Defender - there is no substitute!!


----------



## dotty1 (12 March 2011)

Love my defender, its cheap to insure, very reliable, just keeps chugging along.  I would think a Fourtrak would cost more to repair when necessary and would never last as long as a Landrover.
You need extra security on a Defender they are very nickable....as I found out 18 months ago.


----------



## Pedantic (12 March 2011)

If it has the word "rover" anywhere in the title avoid it, Fourtrack sounds better as it's hopefully Jap.


----------



## debsflo (12 March 2011)

i had a fourtrak and loved it . very basic but fab for towing .the engine was fine but body work killed it .cant comment on defenders but i know fourtraks are highly rated.  not many about now though.


----------



## charliejet (12 March 2011)

I had a fourtrak for years and loved it but athough it was mechanically sound the body work and underneath was rotting away with rust so had to part with it.  Very hard to find one without rust!


----------



## perfect11s (12 March 2011)

I think the fourtrack would be better but only if it was very tidy, a landrover  is good if you have a mecanic in the family otherwise avoid , the older troopers , shoguns, land cruisers
are good tow vehicles it depends on your budget, I would look for something well looked after avoid  the low mileage tatty ex farm or site vehicles.. something that has done a few miles  and been used  as a car is best ....


----------



## paulineh (12 March 2011)

A Defender every time (they are good enough for the farmers) Good tough vehicles.
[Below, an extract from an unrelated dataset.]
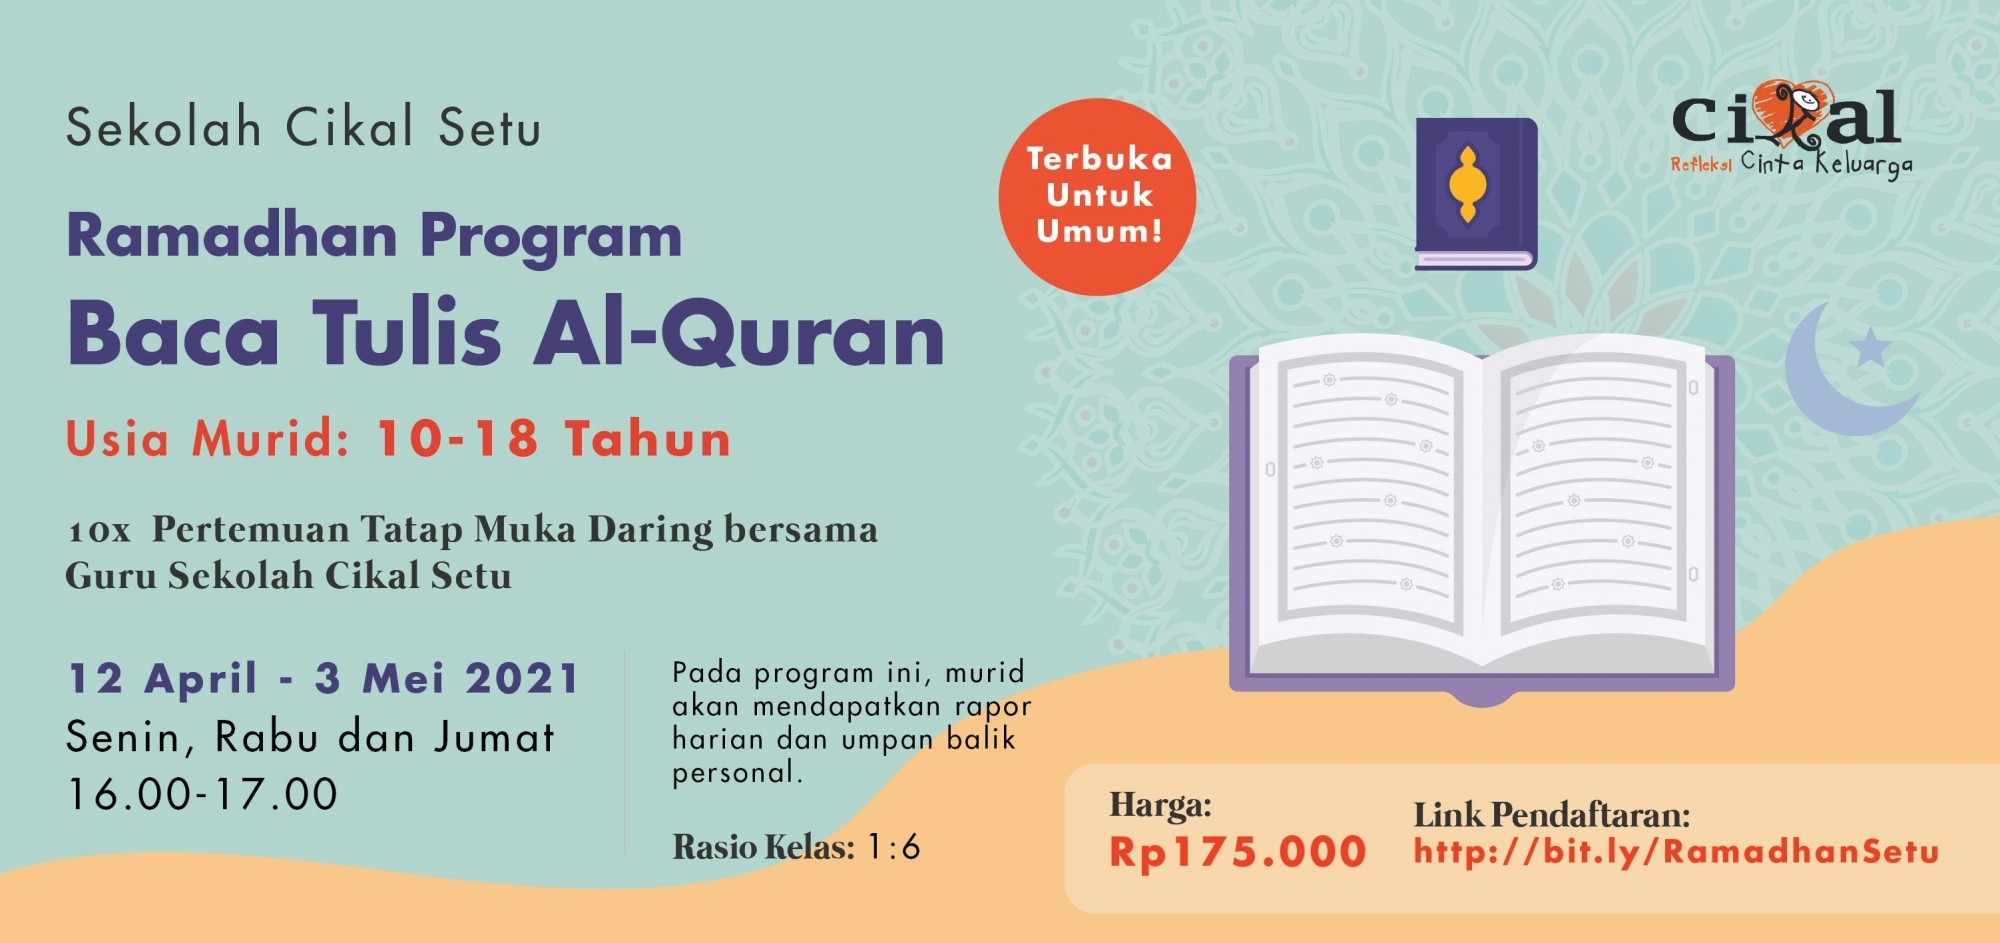 Ramadhan Program Baca Tulis Al-Quran Sekolah Cikal Setu (Untuk Umum)

I have always had Land Rovers love them. At the moment I have an X reg (BMW Engine) Disco comfortable for both Horses (When towing)and people. Mine gets loaded up with all the horse gear and the dogs.


----------



## jhoward (12 March 2011)

we had a fourtrak, paid a lot of money for it but it was in mint condition, had never towed, full body kit type job on it, plus was a rare case where we had air con and electric windows.. shame some ******* wrote it off. 

the plus sides. much more compact than most, easy to park in small spaces, 
it pulled really well, we done a trip to the horse trust at the time of the amersham thing, and we were full to the roof of the trailer with feed etc (naughty but deff over weight) but the fourtrak was way ahead of a brand new mistubishy (sp) that was also towing.

it was basic in side and really not a speedy beast, 70 on a motorway was bumpy and noisy. 

we used to use ours for playing in the field, deffinatly a brillant off roader and we had some major fun! 

oh .. insurance you can still insure cheap if you have 7 seats as classed as an estate, but the actual boot space in it was tiny. 

never had a defender only a discovery.


----------



## kibob (13 March 2011)

Defender, Defender, Defender, Defender.... I wouldn't have anything else.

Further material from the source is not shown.